We can say on the one hand that this is disappointing but it’s no surprise, in truth. The European Commission published an earlier document at the end of 2015 called EU action plan for the circular economy. This one made no direct reference to leather either. As in the 2019 document, though, there are lots of indirect references that show how well leather ties in with this concept. Both European Commission documents fail to make the connection between leather and the circular sourcing, circular production and circular consumption arguments they put forward as a model for the future. It’s obvious that the responsibility for establishing those connections lies with the leather industry.
New platform
For this reason, World Leather has decided to begin 2020 with a new Leather and the Circular Economy section. We will provide a platform for tanners, leather chemical companies and finished product manufacturers to share their opinions and experiences on this subject. For millennia, skilled people have been taking a by-product from meat and, rather than let it go to waste, have turned it into a material whose versatility, durability, naturalness, sensuality, renewability and beauty knows no parallel. To use leather in shoes, furniture, automotive, aviation and other forms of transport, interior design, handbags or apparel is to choose a raw material that might, otherwise, have gone to waste. It is a material that you can repair and recover for reuse at the end of a product’s useful life, preventing waste again and avoiding the need to extract new resources for the products we buy. It’s the circular economy material par excellence and it’s time more people realised that.
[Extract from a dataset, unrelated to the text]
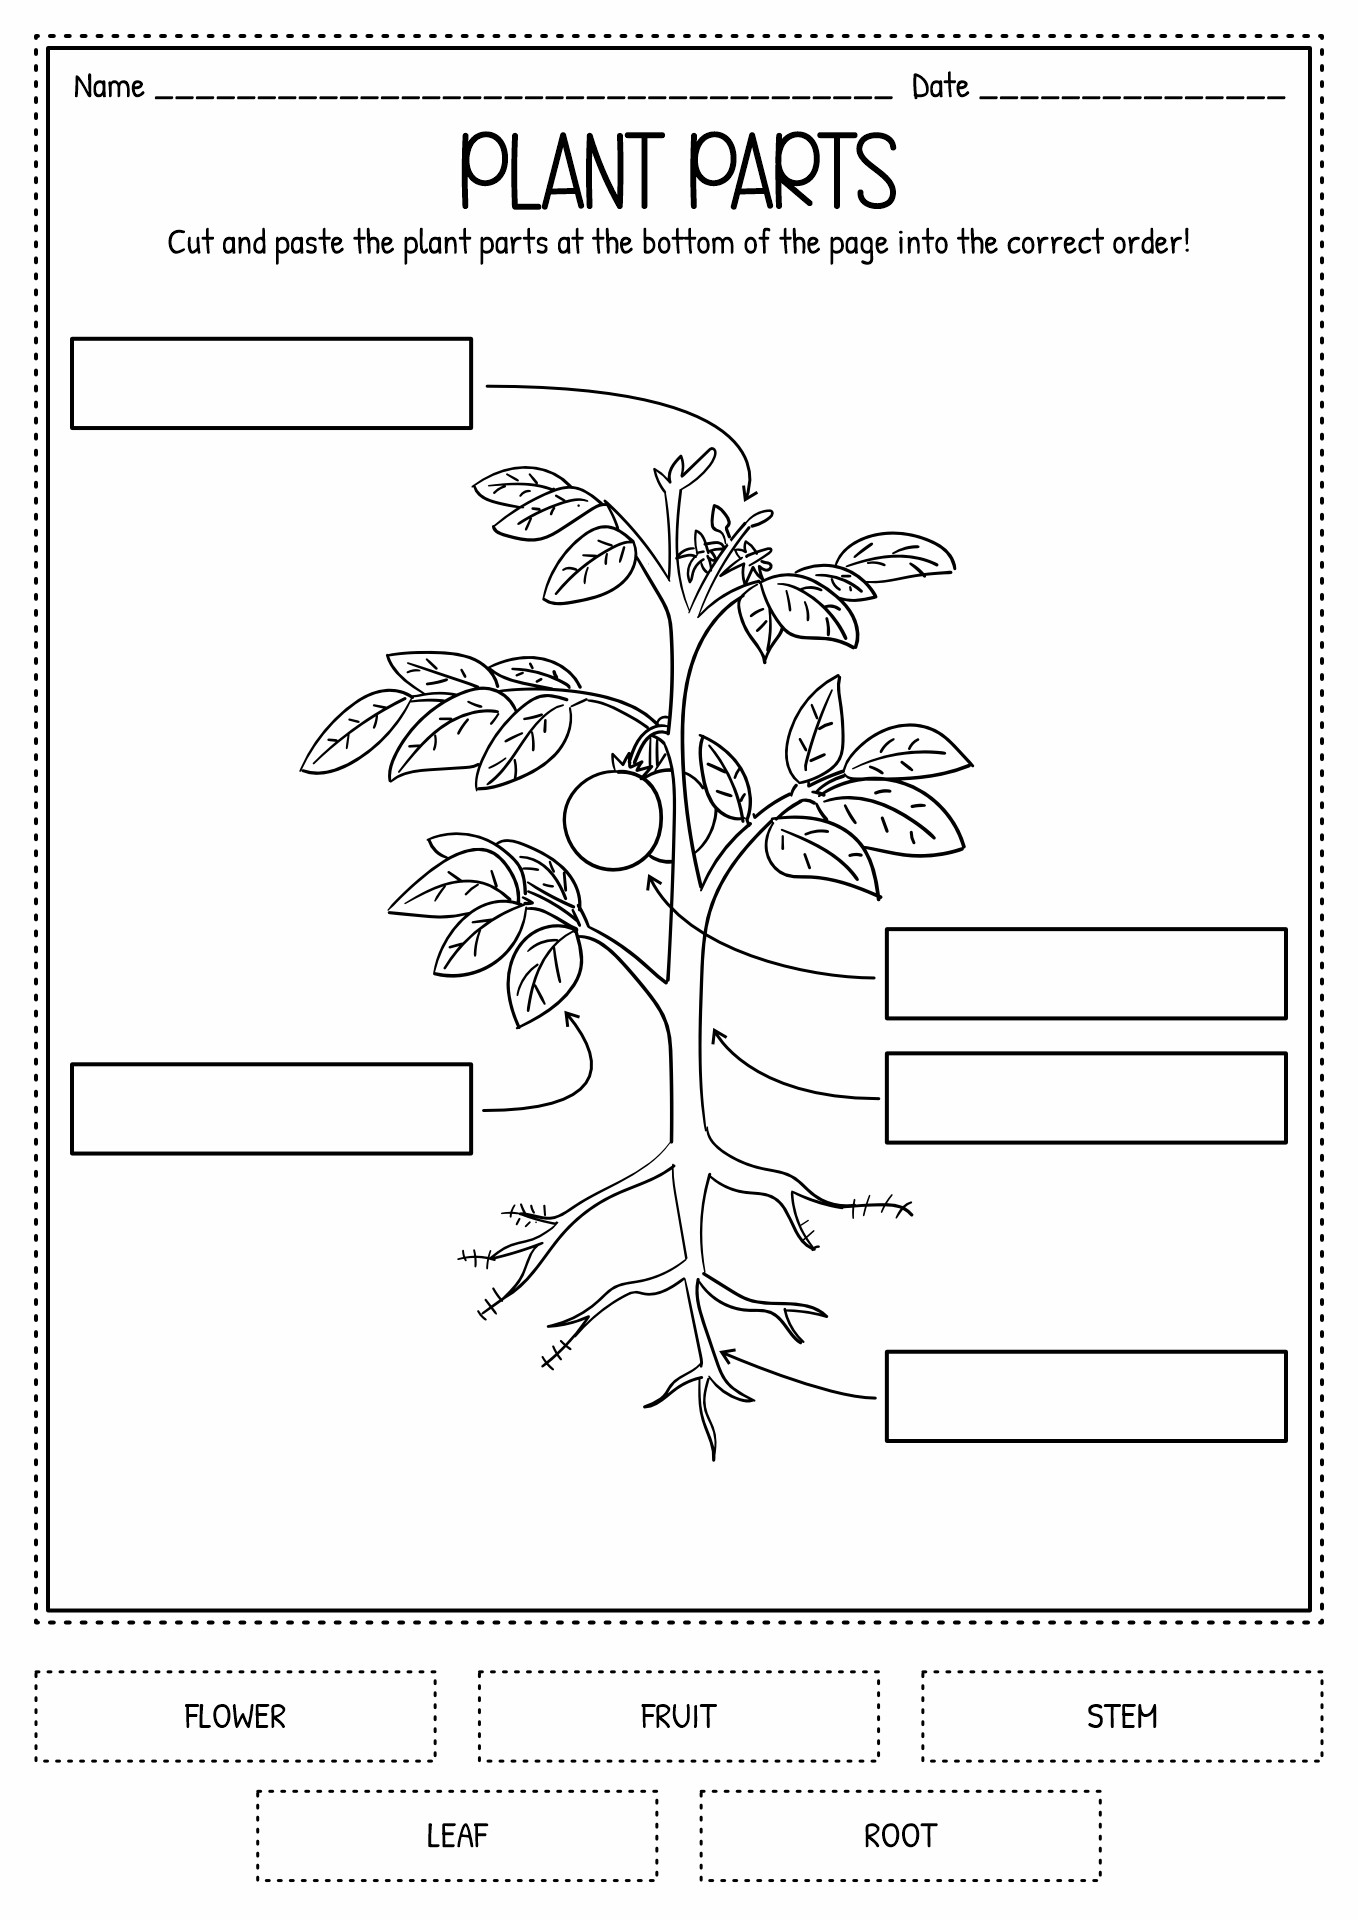 Cut and Paste Plant Parts Worksheet

Our Leather and the Circular Economy section will include two types of articles: some covering the thought leadership on the circular economy that people across the leather industry are demonstrating, others covering case studies from companies that make or use leather to showcase their circular stories. The aim is to keep publicising examples of the leather industry’s circular economy credentials.
To make the connection clear, we have picked out ten aspects of the way the best in the business make and use leather and tied them in with the policy details that have come to light so far in the documents from the European Commission. If asked to show why leather is an ideal example of a circular economy product, anyone in the industry will be able to point to these ten reasons. We are pleased to share these ten criteria in the infographic above and we are delighted to offer our first circular economy thought leadership and circular story articles in the December 2019-January 2020 issue of World Leather.